Setelah munculnya Travel maka terminal lorok hanya menjadi pemberhentian kendaraan umum saja, karena travel senidiri sepertinya tidak boleh parkir di lokasi terminal. Kendaraan pendukung yang ada seperti jenis becak motor – baik yang mengunakan mesin motor lawas atau sekelas mesin pemotong rumput. Becak pun masih ada walau jumlahnya semakin sedikit. lalu keberadaan ojek motor juga masih bisa dijumpai diterminal Lorok. 

Bioskop Wiyoro

Hiburan utama masyarakat Lorok antara tahun 1985—1992 selain pasar malam dan festival, yakni berdirinya Bioskop Wiyoro. Bangunan bioskop ini berada persisi didepan pasar Pahing Lorok. Bangunan yang hampir menyerupai bentuk gudang yang panjang ini menjadi primadona para kaum muda waktu itu. Kalau tidak salah semalam mereka mengelar 2 kali pertunjukan. Apalagi saat malam minggu. Yang pasti film yang diputar juga tidak kategoro film gress.. rata-rata kita harus menunggu film tersebut diputar diKota. Walau begitu ya masyarakat sudah bersyukur sekali. Selain harganya merakyat tahun 1990-an HTM hanya seharga Rp. 200-250 per permirsa dewasa. Entah sejak Kapan gedung film tersebut sudah tidak beroperasi lagi. Lahan bekas gedung tadi sudah direnovasi menjadi lahan stand beberapa toko yang buka sampai pukul 9-an malam.  
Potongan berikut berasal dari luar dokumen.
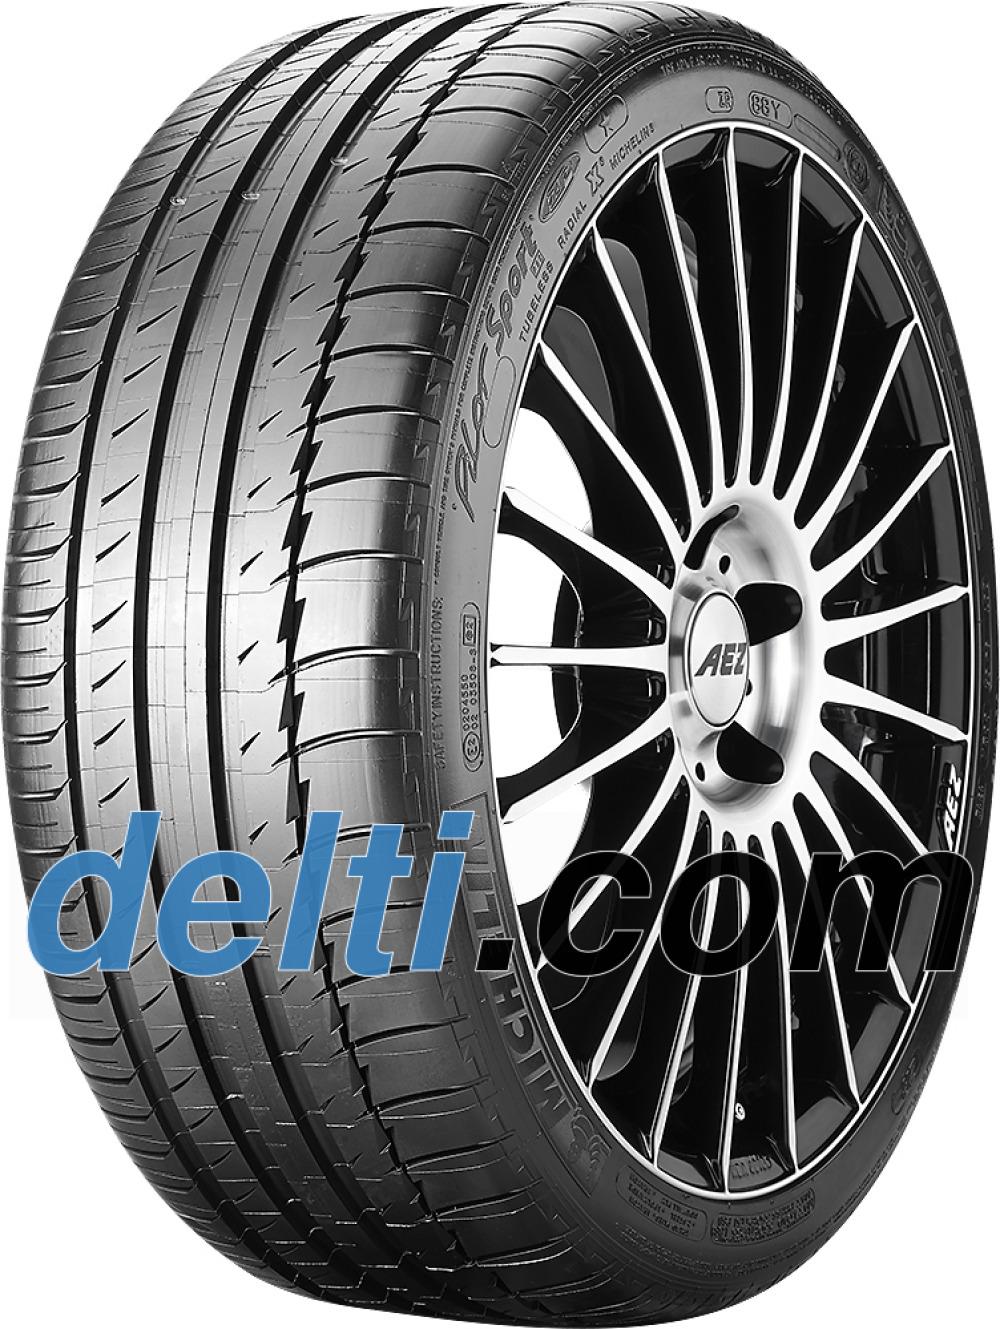 Michelin Pilot Sport PS2 ZP ( 275/35 ZR18 95Y runflat, con cordón de protección de llanta (FSL) )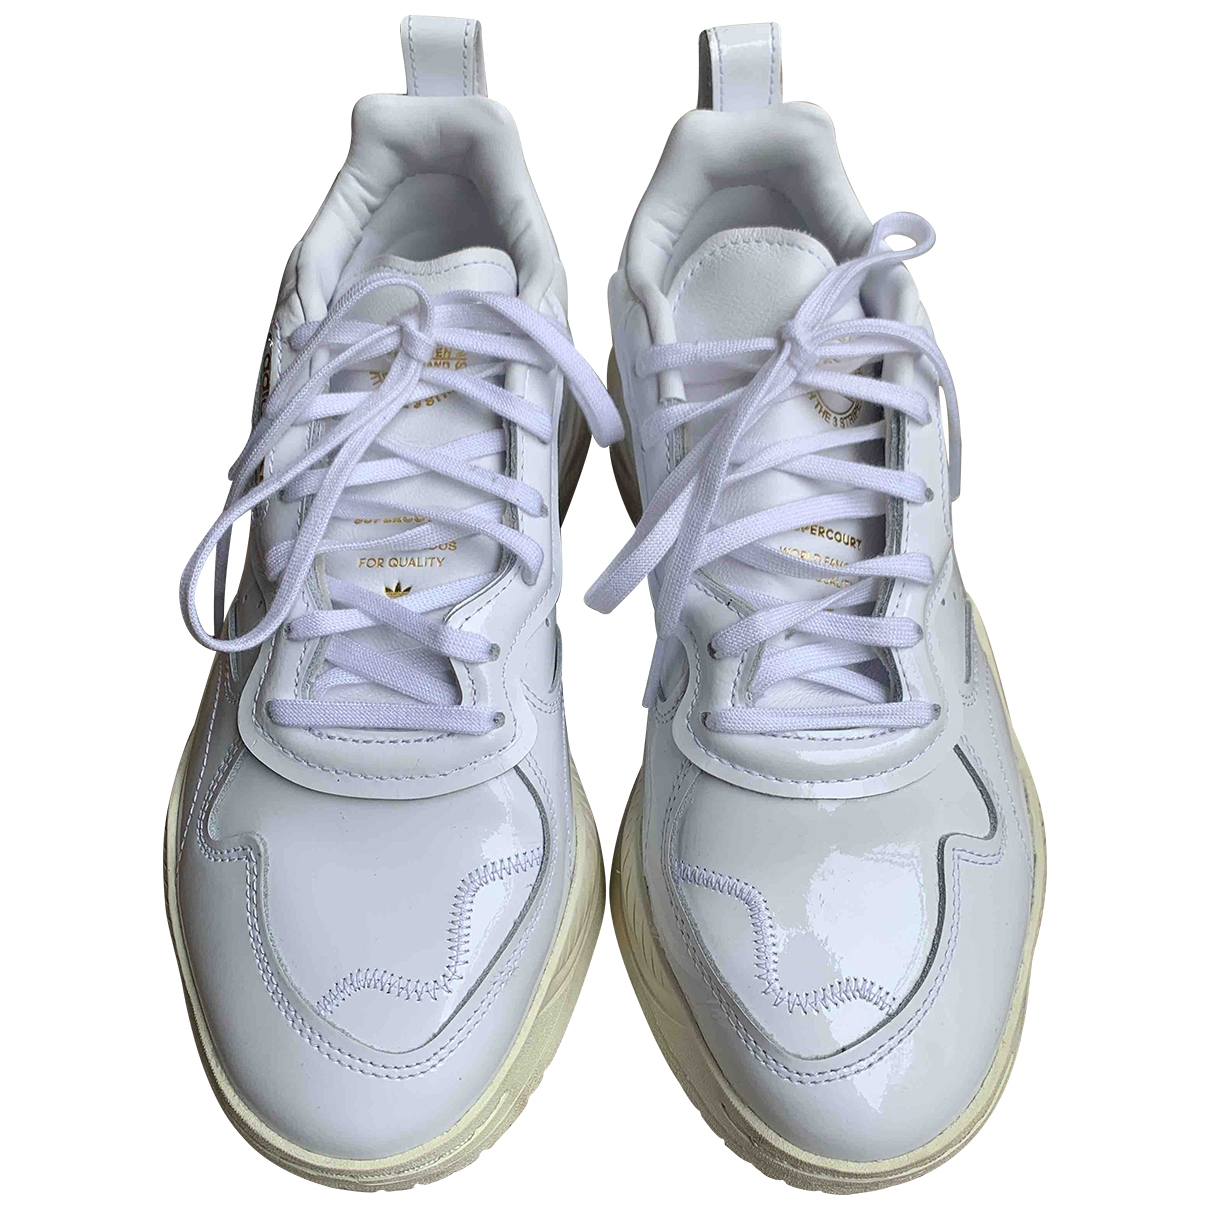 Adidas \N Sneakers in  Weiss Lackleder

Yang berkesan dari Bioskop ini ya saat mereka mengelar promo film. Manager mengunakan mobil pick up atau angkutan kecil keliling dari arah Baran bahkan desa Cangkring disebelah utara lalu balik arah samapai kawasan hadiwarno. Dimobil tersebut terpampang poster kanvas yang besar serta megaphone. Sebagai anak kecil sekaligu anak desa, saya kerap kali berlarian, menghampiri dan berebutan dengan teman sepermainan tatkala mereka melempar brosur atau pamlet tentang film tersebut. Bangganya minta ampun bila bisa mendapatkan pamphlet tadi.  Sudah pasti pamphlet tadi saya bawa dan pamerkan ke teman-teman sekelas. Wuih Bangga!!!